Mangaluru has long been a roadstead along the Malabar Coast. It became engaged in trade with the Persian Gulf region in the 14th century, and it was occupied by the Portuguese in the mid-16th century. Under the Mysore (Mysuru) sultans (1763) it became a strategic shipbuilding base, which was ceded to the British in 1799 after numerous sieges.
The contemporary city, heavily dotted with coconut plantations, has a deceptively rural appearance. It is a busy transshipment centre; ships must anchor 3 miles (5 km) offshore because of sandbars, but a deepwater port has been developed for the shipment of mineral ores, petroleum products, and other commodities as well as containers. Cashew nuts, coffee, and sandalwood are brought from the Mysuru and Kodagu (Coorg) regions. Rice, areca nuts, coir yarn (coconut fibre), fish, and cardamom are local products. In the 19th century the German Basel Mission introduced cotton weaving and tile manufacture, and Mangaluru remains an important producer of roofing tiles. Other industries include boatbuilding, coffee curing, pottery manufacture, and the making of brick kilns. The suburb of Ullal produces hosiery and coir yarn. Mangaluru maintains a large bazaar near its coastal landing place.

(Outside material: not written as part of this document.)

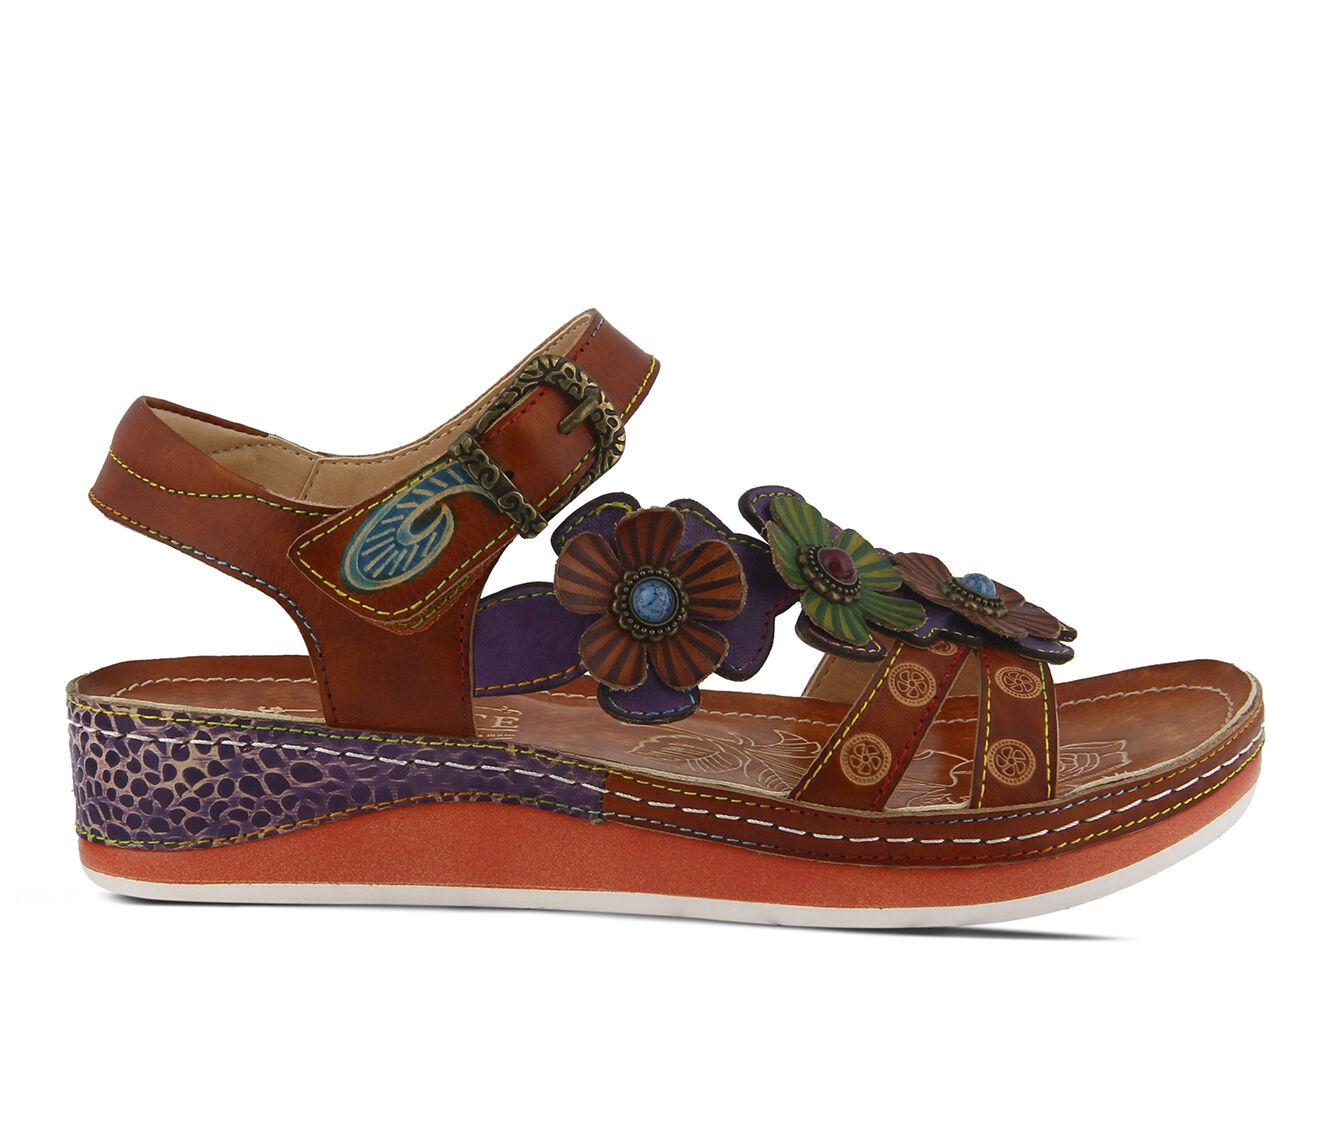 Women's L'ARTISTE Goodie Sandals Camel

The city is served by both public and private thermal power stations, an airport, and a national highway and is the terminus of the west-coast branch of the Southern Railway. Mangaluru is the seat of a Roman Catholic bishopric and a Lutheran mission. It also is an educational centre and is home to St. Aloysius College (founded by Jesuits in 1880), St. Agnes College, and St. Ann’s College, all of which are affiliated with Mangalore University. The Konkani language is associated with the city, and a large percentage of its inhabitants are Christian. Pop. (2001) city, 399,565; urban agglom., 539,387; (2011) city, 488,968; urban agglom., 623,841.